• EXERCISE DETAILS
Apart from the pictures, which must be omitted, restate the data exactly.

• INFORMATION PROVIDED
::::

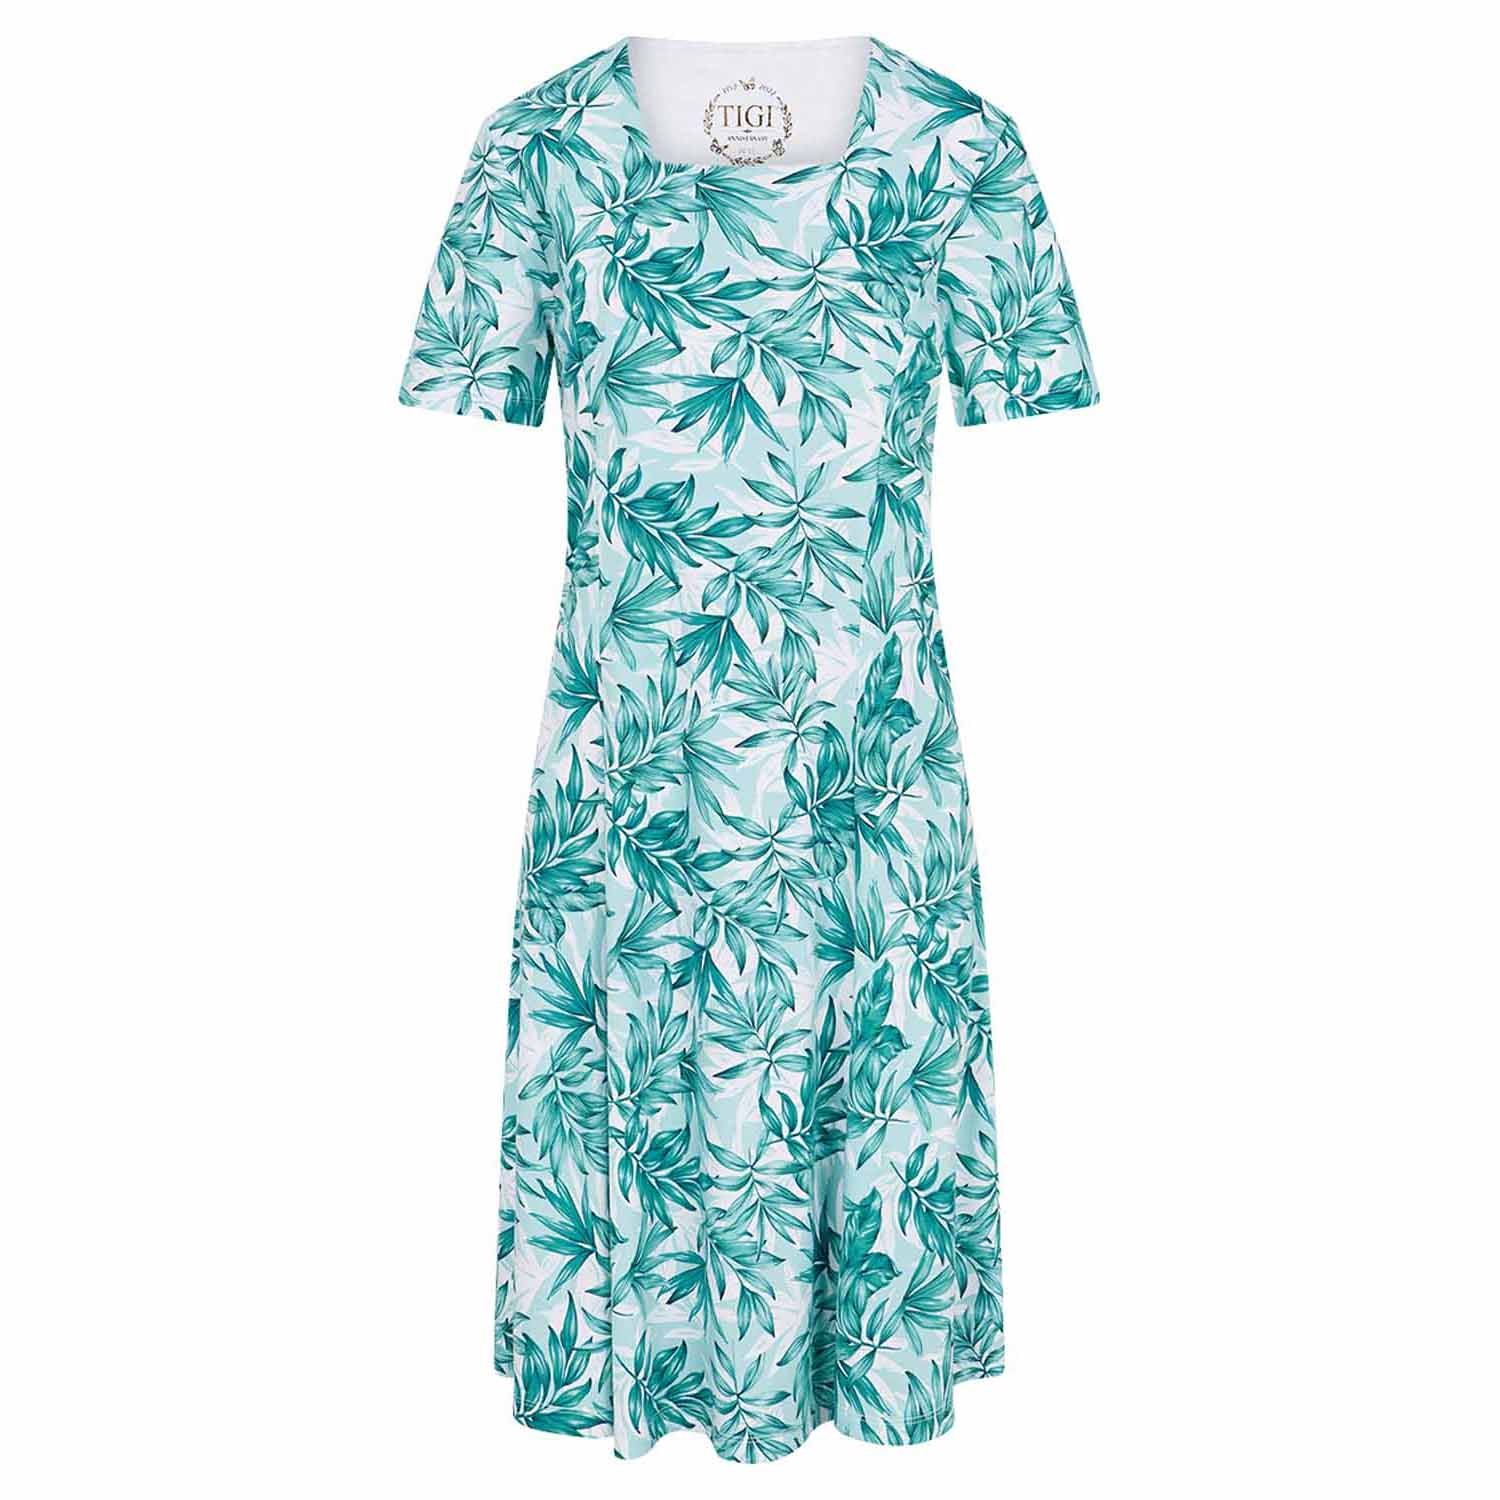 Tigiwear Leaf Print Dress - Turquoise 4 Shaws Department Stores
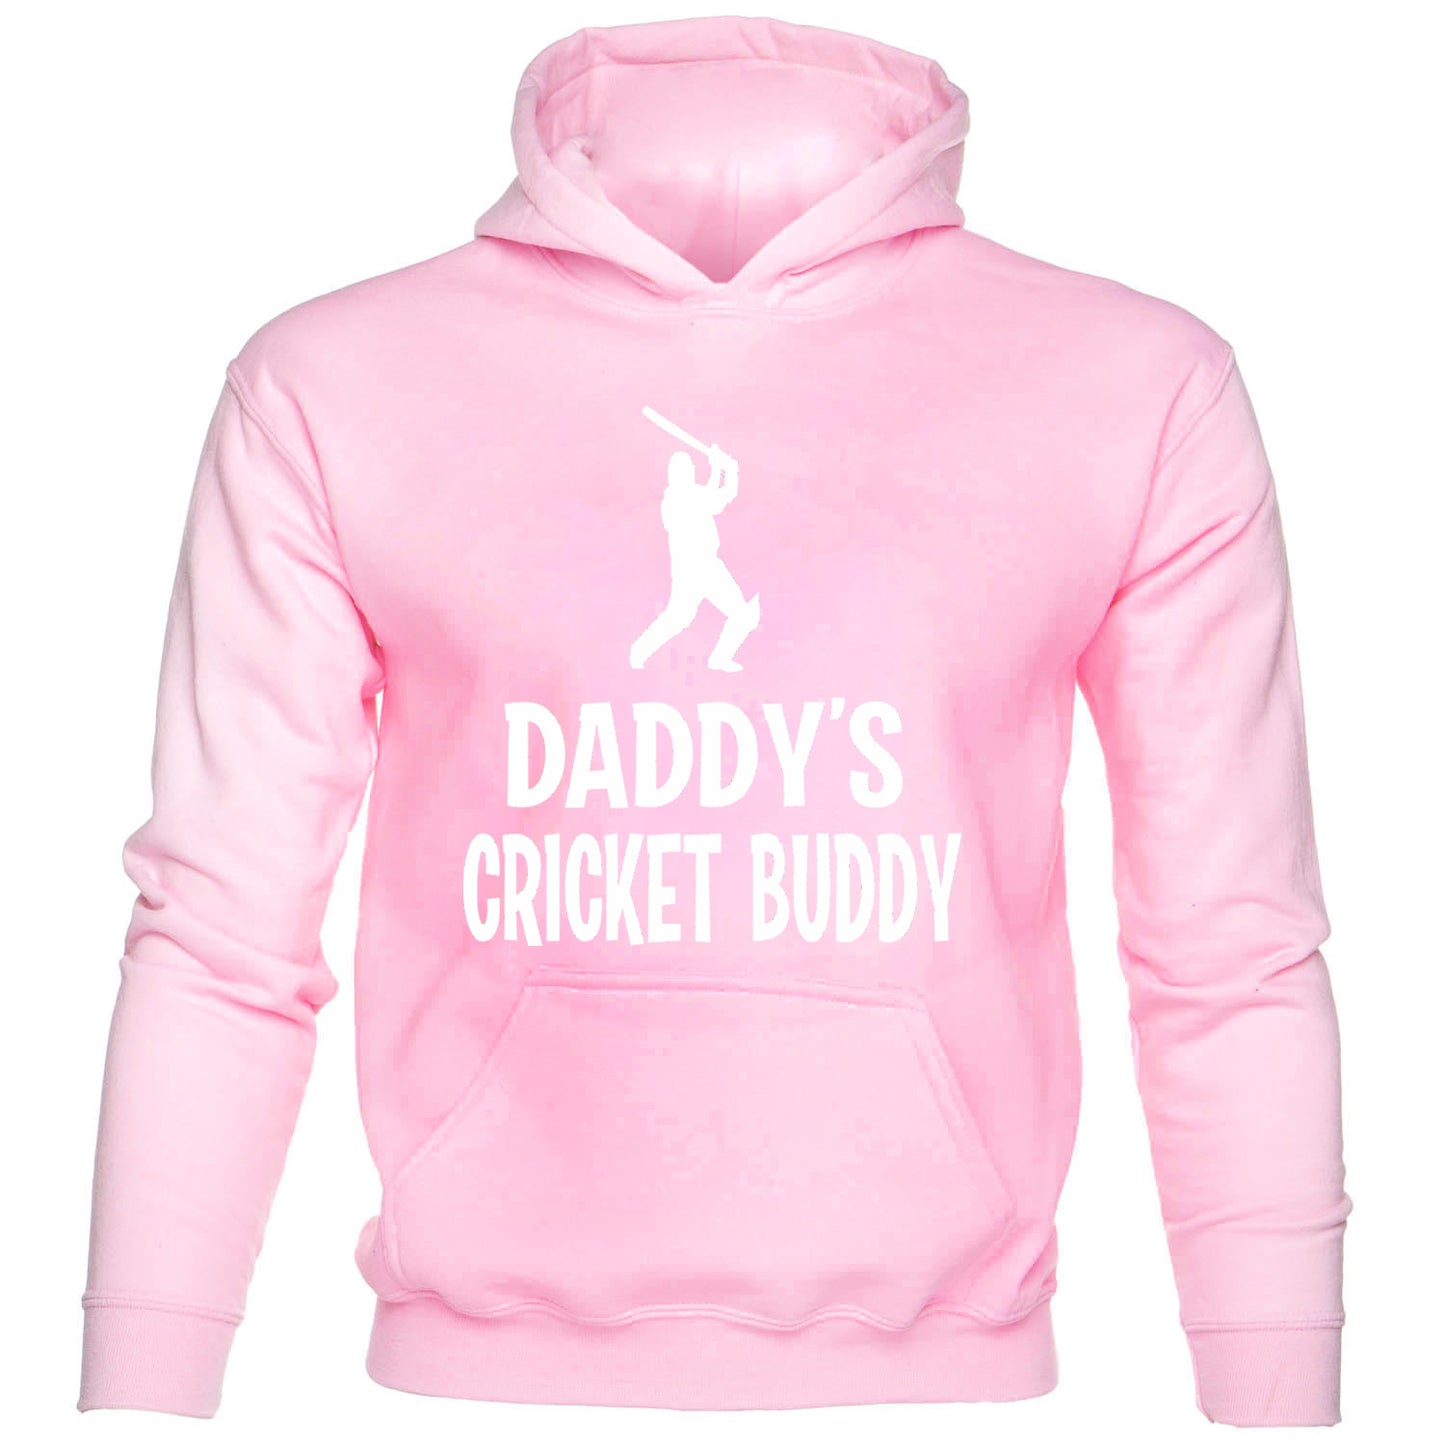 Daddy's Cricket Buddy Hoodie
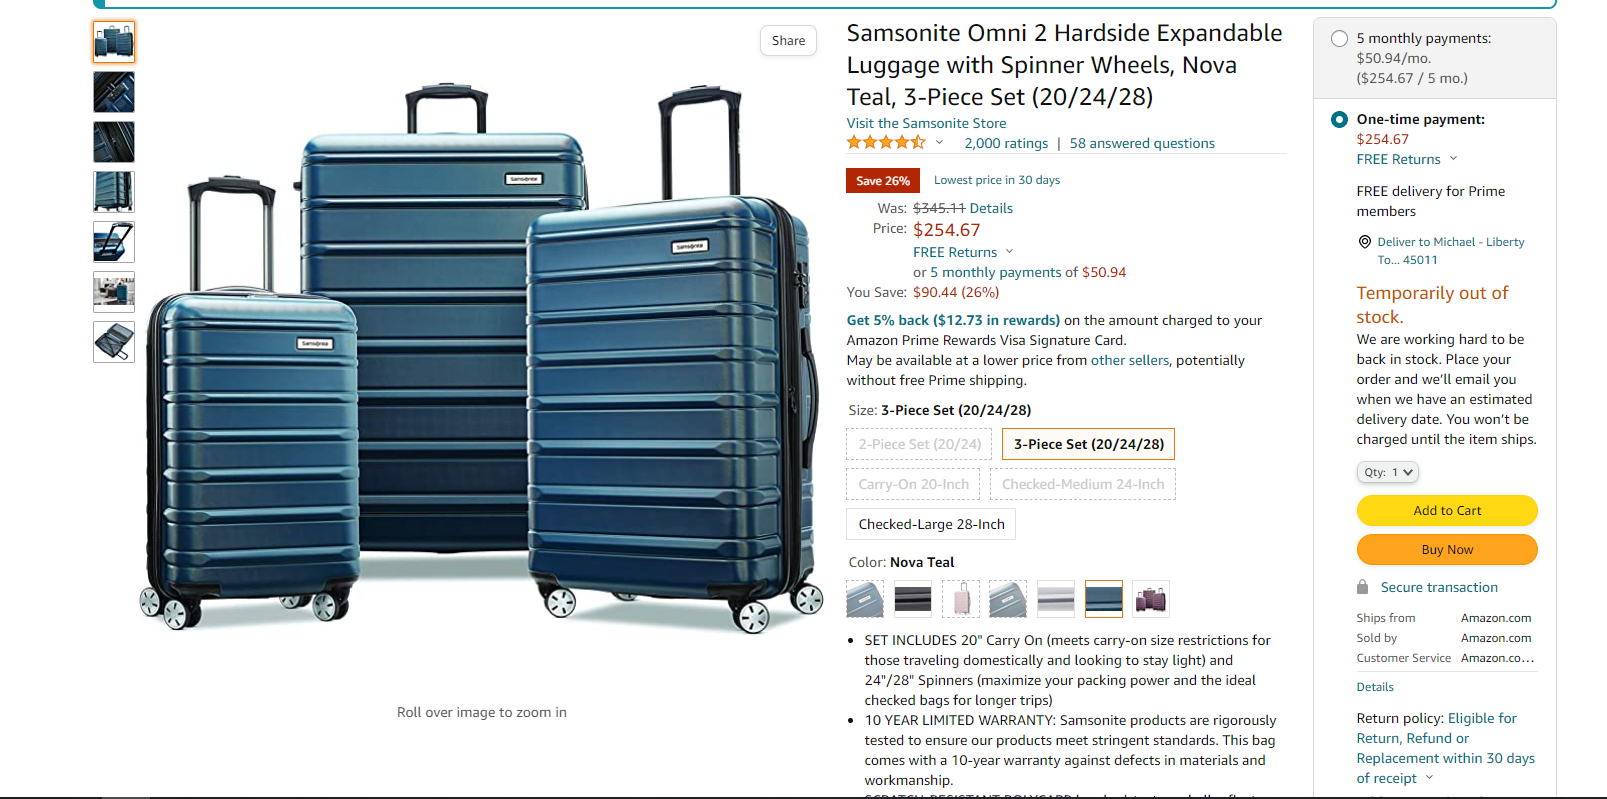 Samsonite Omni 2 Hardside Expandable Luggage with Spinner Wheels, Nova Teal, 3-Piece Set (20/24/28) $254.67 + Free Shipping - Amazon.com

::::

• RESULT OF THIS TASK
 Tigiwear Leaf Print Dress - Turquoise 4 Shaws Department Stores
 Daddy's Cricket Buddy Hoodie
 Samsonite Omni 2 Hardside Expandable Luggage with Spinner Wheels, Nova Teal, 3-Piece Set (20/24/28) $254.67 + Free Shipping - Amazon.com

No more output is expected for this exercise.